I'm going through the machine description file, making sure the emitted code is correct. I've yet to act on the earlier notes.

Right now, I'm looking at left shifted byte quantities. The problem here is that I can't just use a single left shift instruction because junk will just be shifted into the low order bits. It looks like I have two options:

Form 1: Mask off lower bits in word mode, then shift:
andi R1, >FF00 14+4 4 bytes
sla R1, N 12+2N 2 bytes
Total: 30+2N 6 bytes

Form 2: Swap bytes, shift, then restore
swpb R0 10 2 bytes
sla R1, N 12+2N 2 bytes
swpb R0 10 2 bytes
Total: 32+2N 6 bytes

Form 1 is slightly faster, and is more correct. The condition flags are left in the proper state. Form 2 would result in random condition flags, since SWPB does not modify flags, and SLA would set the flags based on the random contents of the unused byte. So I'll be using form one for this stuff.

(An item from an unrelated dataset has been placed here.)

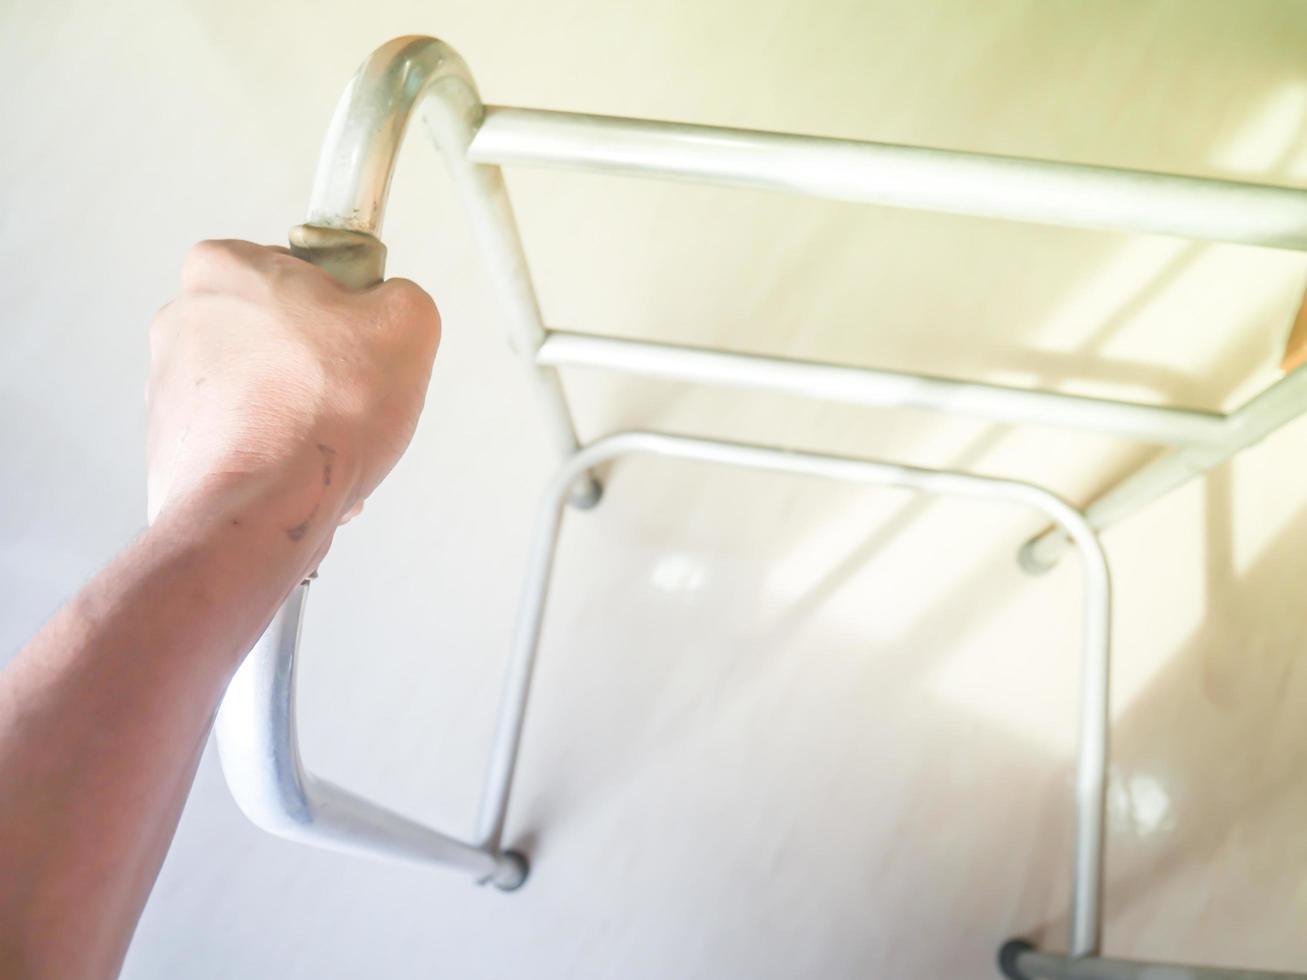 vänster grepp om gånghjälpmedel, medicinsk utrustning för patienter som inte kan gå foto

Here's a neat idea I had while looking at the opcodes. I can clear the upper byte by SBing at register with itself. This saves two clocks and two bytes:
sb R0, R0 14 cycles, 2 bytes
andi R0, >00FF 14+2 cycles, 4 bytes

I can't use this right now, but I added the idea here so I wouldn't forget.

Wednesday, June 15, 2011

So, just how costly is that "movb @(b+94)(r10), @(b+94)(r10)" instruction?
14+8+8 = 30 clocks, 6 bytes

We can do better than that.

mov @(b+94)(r10), r0 : 14+8 = 22 clocks, 4 bytes

That's about 25% faster and 30% smaller, with the added cost of a temp register. That's not bad.

I took a look at the machine description file, and I really need to go through it line by line. I've seen a few bugs in uncommon branches. Also, that file is a mess since I've tried so many different approaches. Additionally, the 32-bit instructions have not been exercised much and could stand to be looked at again.

Also, look at "ai" emitters for byte quantities. I'm seeing stuff like ">FFE9 * 256", this just looks wrong.